The hls4ml Optimization API provides hardware-aware pruning and weight sharing techniques to reduce model footprint and computational requirements while targeting specific hardware resources.
Overview
The optimization framework solves a Knapsack optimization problem to maximize model performance while minimizing target resource utilization.

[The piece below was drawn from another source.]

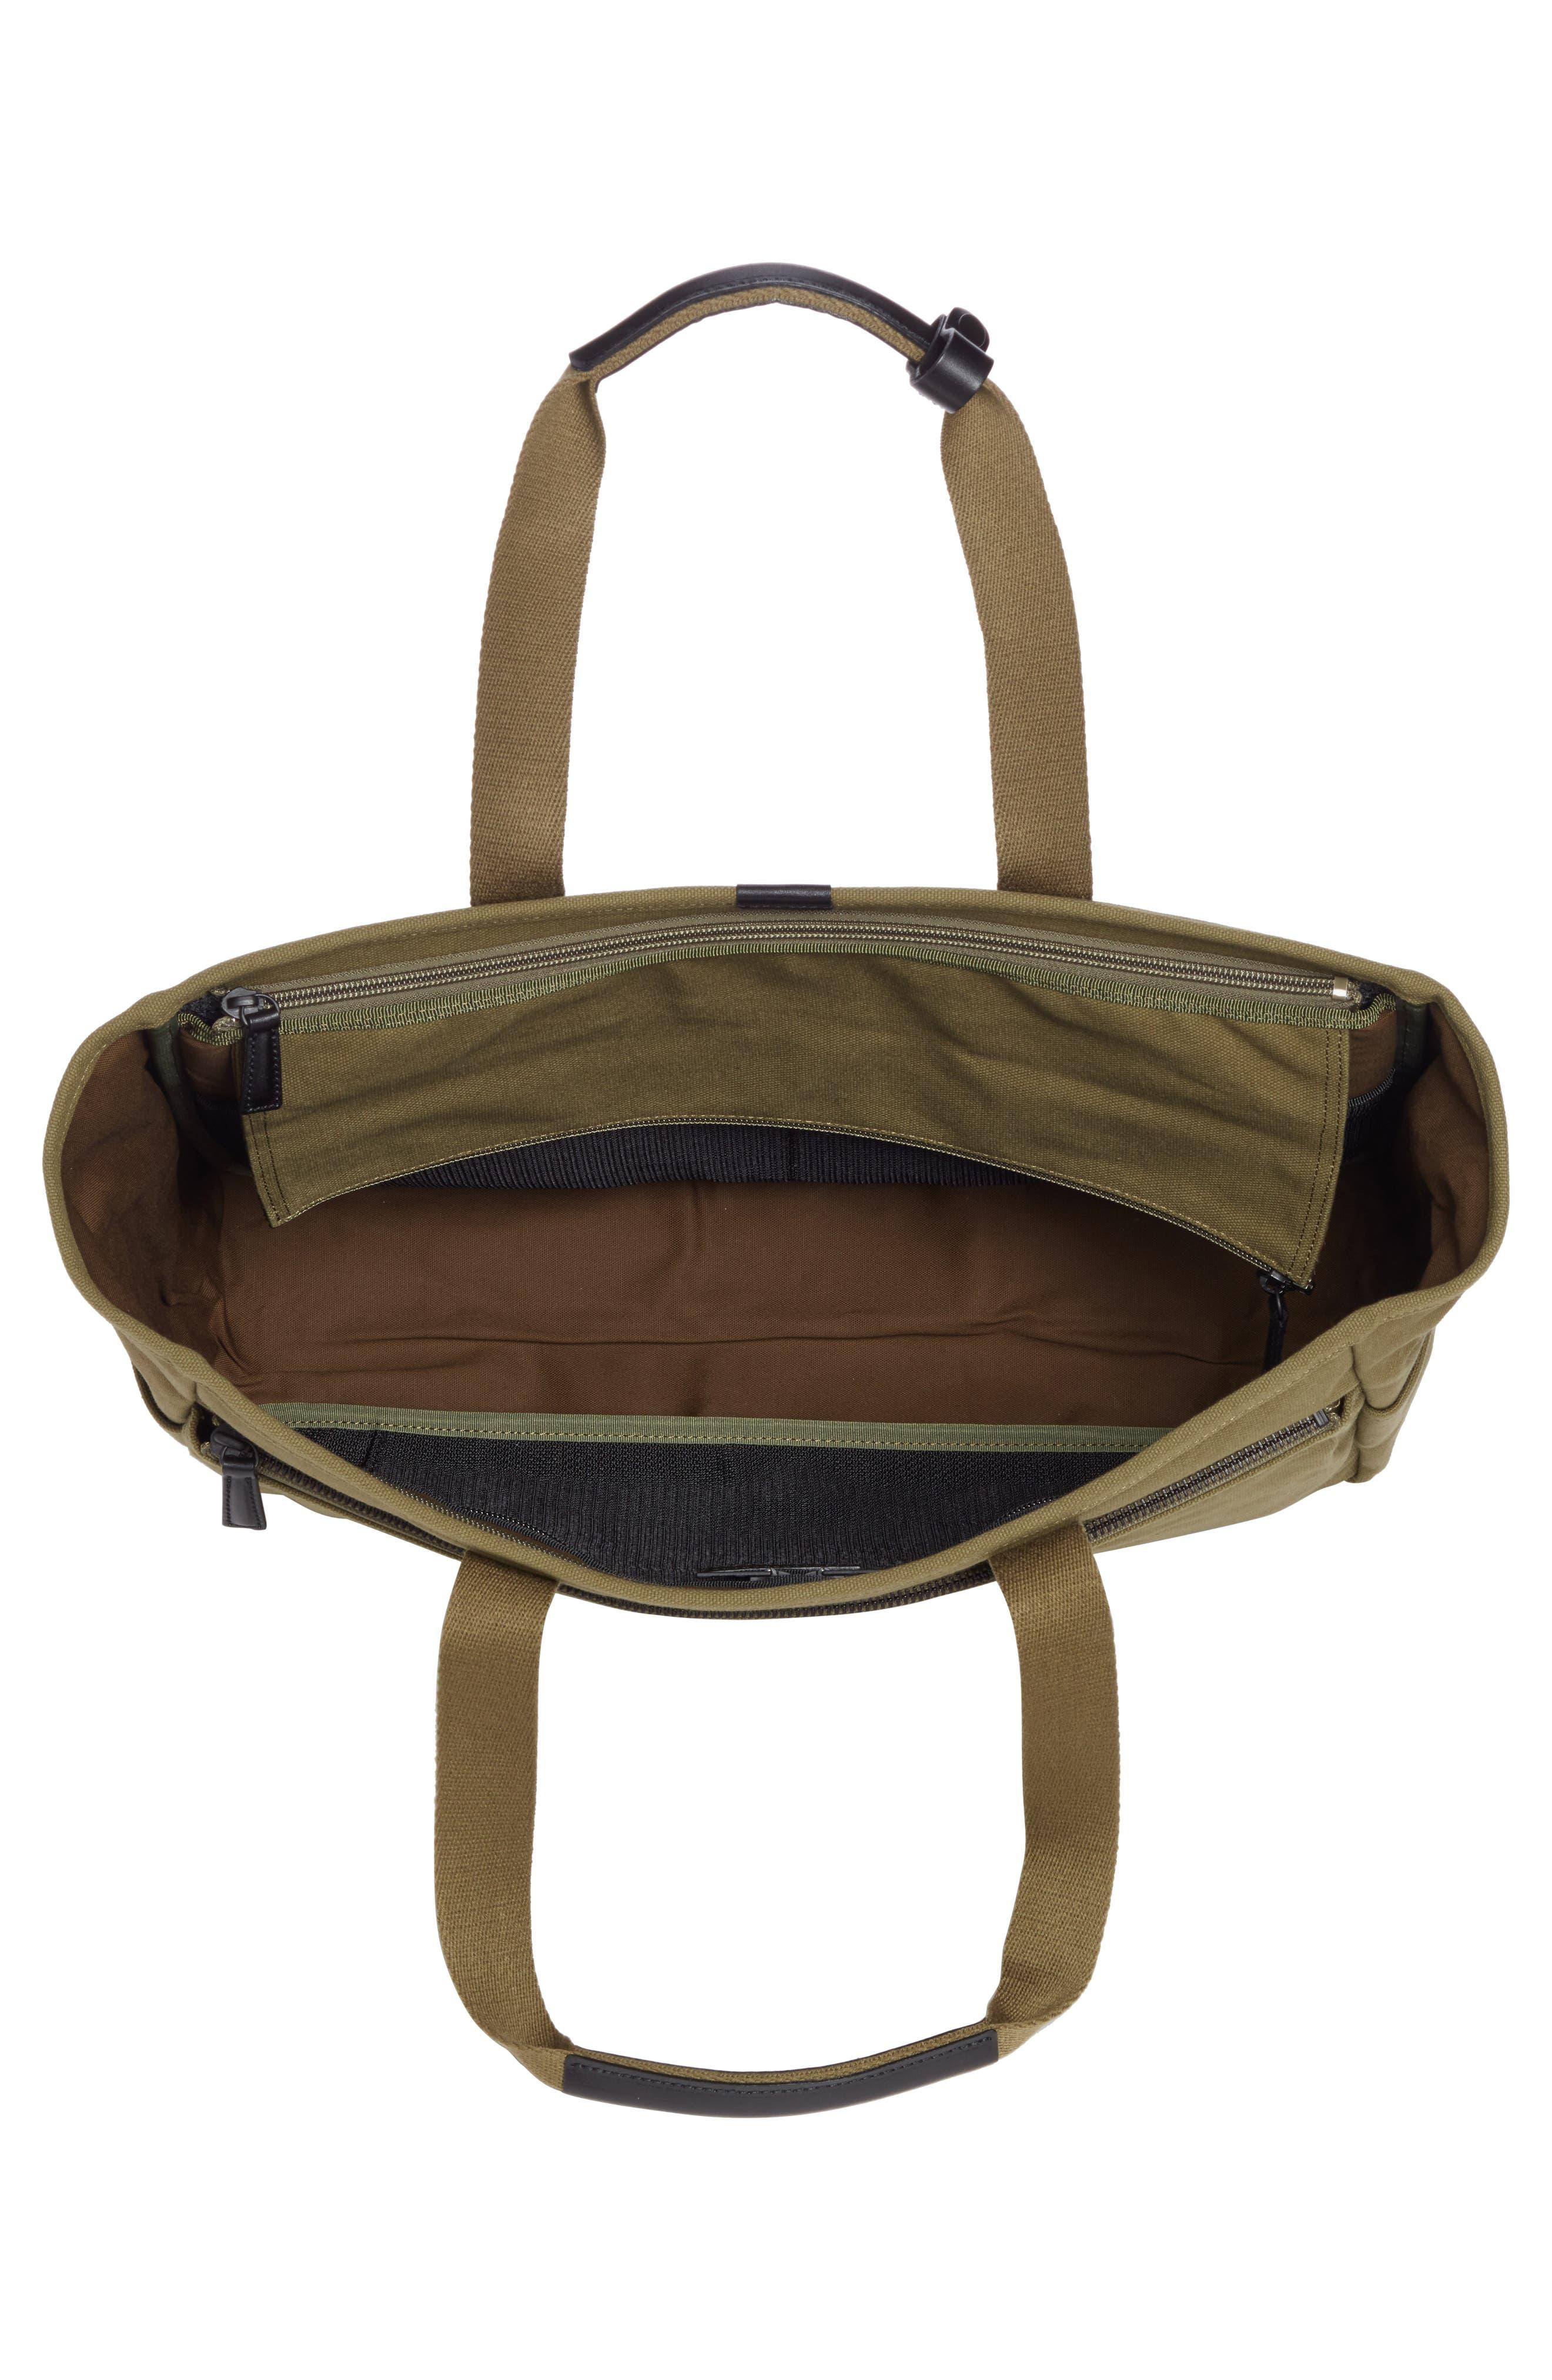 x Porter Travel Tote Bag,                             Alternate thumbnail 4, color,                             OLIVE

It supports multiple objectives including:
Network sparsity (parameter reduction)
GPU FLOPs (computational efficiency)
FPGA DSP blocks (hardware multipliers)
Memory utilization (BRAM/FF)
Installation
Optimization features require TensorFlow/Keras:
pip install hls4ml tensorflow
Optimization Structures
The API supports four pruning structures:
Unstructured Removes individual weights. Maximizes flexibility but may not reduce hardware resources efficiently.
Structured Removes entire neurons (Dense) or filters (Conv2D). Directly reduces computational requirements.
Pattern Groups weights processed by the same DSP. Optimizes DSP utilization in Resource strategy.
Block Removes rectangular blocks of weights. Supports only rank-2 layers (Dense).
Unstructured Pruning
Minimize total parameter count with weight-level pruning:
import numpy as np
from sklearn.metrics import accuracy_score
from tensorflow.keras.optimizers import Adam
from tensorflow.keras.metrics import CategoricalAccuracy
from tensorflow.keras.losses import CategoricalCrossentropy
from hls4ml.optimization.dsp_aware_pruning.keras import optimize_model
from hls4ml.optimization.dsp_aware_pruning.keras.utils import get_model_sparsity
from hls4ml.optimization.dsp_aware_pruning.attributes import get_attributes_from_keras_model
from hls4ml.optimization.dsp_aware_pruning.objectives import ParameterEstimator
from hls4ml.optimization.dsp_aware_pruning.scheduler import PolynomialScheduler
# Load model and data
# baseline_model = ...
# X_train, y_train, X_val, y_val, X_test, y_test = ...
# Evaluate baseline
y_baseline = baseline_model.predict(X_test)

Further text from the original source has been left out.